These are the ones to 'jump'

Again, two points:

1. One will be left and one will be right - you need to know which is which to get them the same as the front speakers. (The wiring colours will say which is which, but it isn't unknown for the fronts to have been already reversed. If you wire temporarily, you can test with the balance control). Patently, the wires from these need to go to the correct rear corner.

2. All speakers need to have the same phase. A bit technical, but what it really means is that negative output goes to negative pole on each speaker, and likewise positive to positive. One wrong and your sound suffers. The colour coding on the wires helps, as long as the wire you use to go to the back of the 'van (and you'll need a good length) is easy to differentiate between the two wires. If you don't phase properly, the sound has much less bass, and is 'confused'. (Essentially, the two speakers are pushing and pulling at different times, rather than the same).

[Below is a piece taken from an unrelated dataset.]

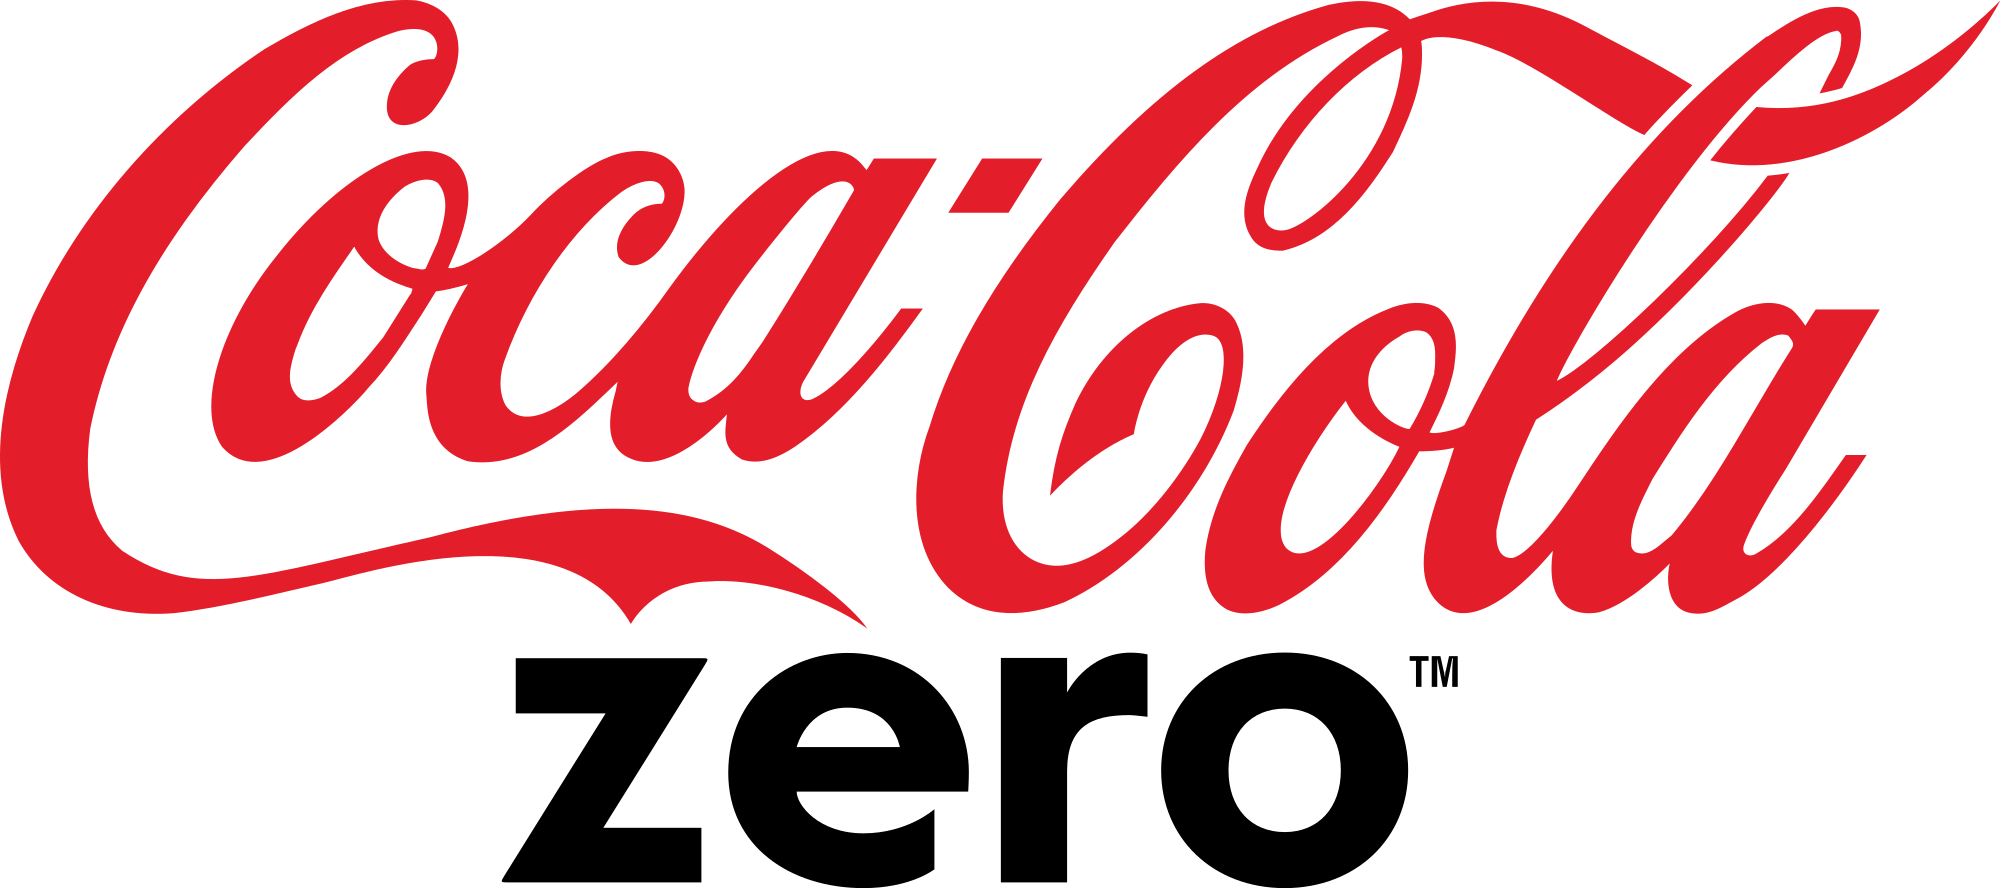 Coke Zero Logo - File:Coca-Cola Zero logo.svg - Wikimedia Commons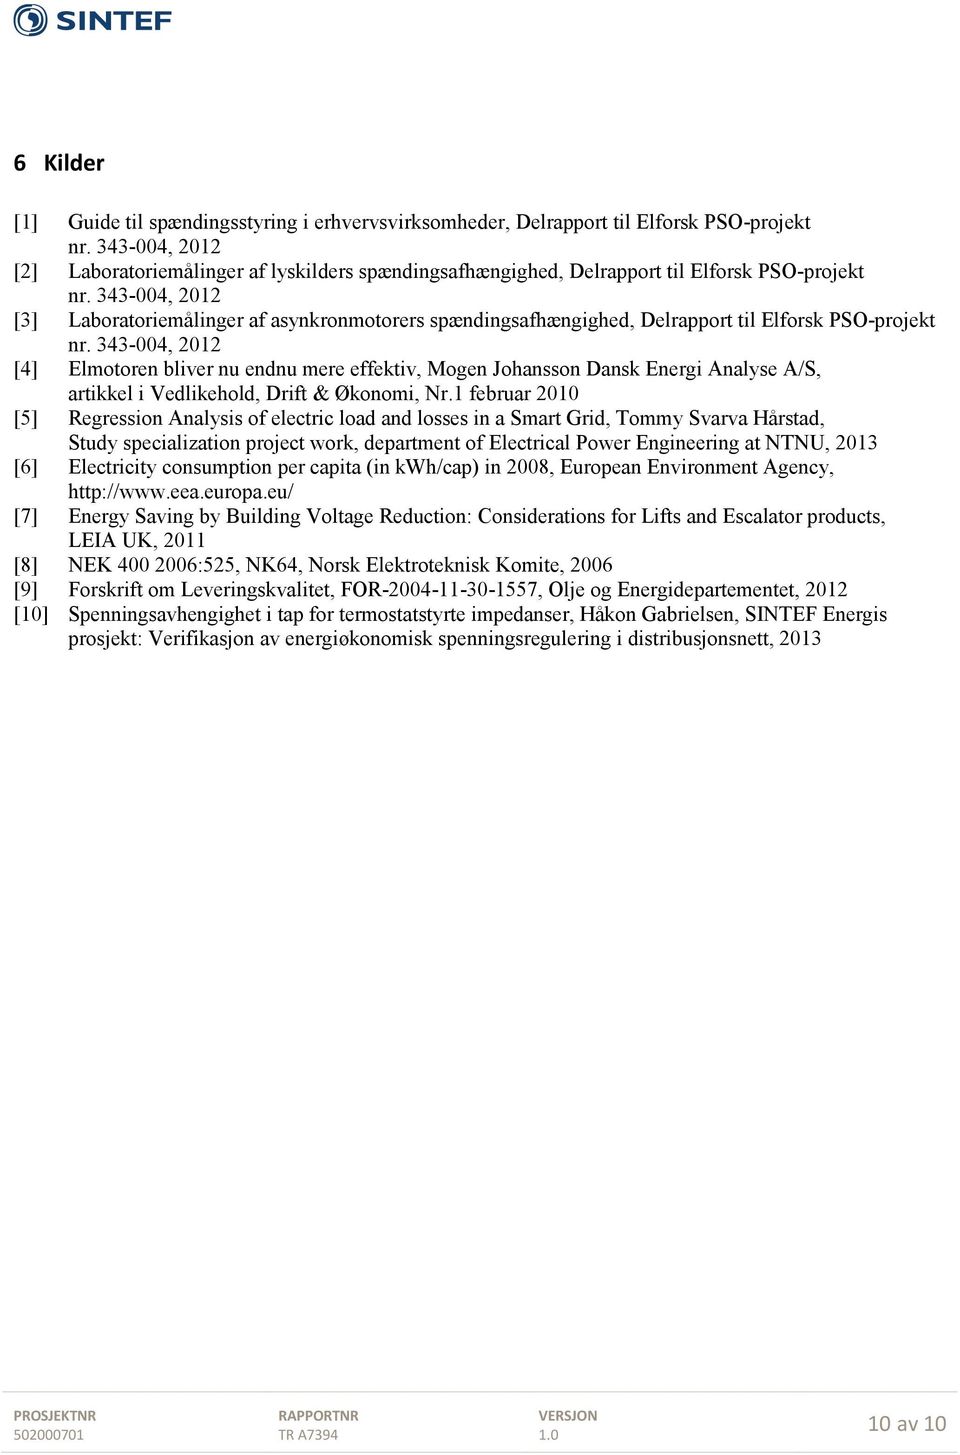 343-004, 2012 [3] Laboratoriemålinger af asynkronmotorers spændingsafhængighed, Delrapport til Elforsk PSO-projekt nr.

If it is a two speaker output (which really isn't likely), it is often possible to add two speakers in series, not in parallel. This means that there is only one continuous wire - out from the radio positive, to the front speaker positive, this speaker negative to the rear speaker positive, and the rear speaker negative to radio negative.

There won't be independent front/rear control of the volume in this case.

(connecting in parallel mentioned above means connecting the positive and negative of each speaker direct to the positive a negative outputs of the radio - i.e. a branched arrangement. Given the specification of most radios and speakers, this is more likely to cause damage to the radio than connecting in series).


----------



## 88826 (May 9, 2005)

"RobinHood - Be aware that a number of converters will pre-wire speaker wires to the back during the build stage - it's worth checking."

I was considering installing two additional speakers in our Avantegard 200 and found what may be unused pre - wired speaker cables in a harness near the electrical distribution in the offside underbed locker. I am still considering whether to install the rear speakers but can anyone advise what colour wires would normally be used for the speakers.
My apologies for tagging this to the original post.
Bonza


----------



## RobinHood (May 19, 2005)

Unfortunately, knowing UK converters (and no, I'm not one of those people who think imports are always better) they could have used any bit of wire hanging about. 

The only safe way of checking is to extract the radio and rummage around behind to see if you can match up at that end.

On one of my 'vans (can't remember which), the wires were run through and tied up behind the 'kick panel' in the footwell. Not wired to the radio, but enough spare to run behind the dash when I wanted to connect.


----------



## 96523 (Oct 14, 2005)

*Speakers in the Back*

We got ours fitted in the MH at our local Halfords. Had to go back to get them put in properly but they work fine now. Total cost including speakers (in indidudal free standing pods with velcro) £35.
What an improvement
Alan


----------



## 97363 (Jan 21, 2006)

Many thanks for the replies,i have gone with fitting a pair of small domestic speakers in the rear on little swivel brackets,they look good and seem to be working fine.Thanks again all

Stuart


----------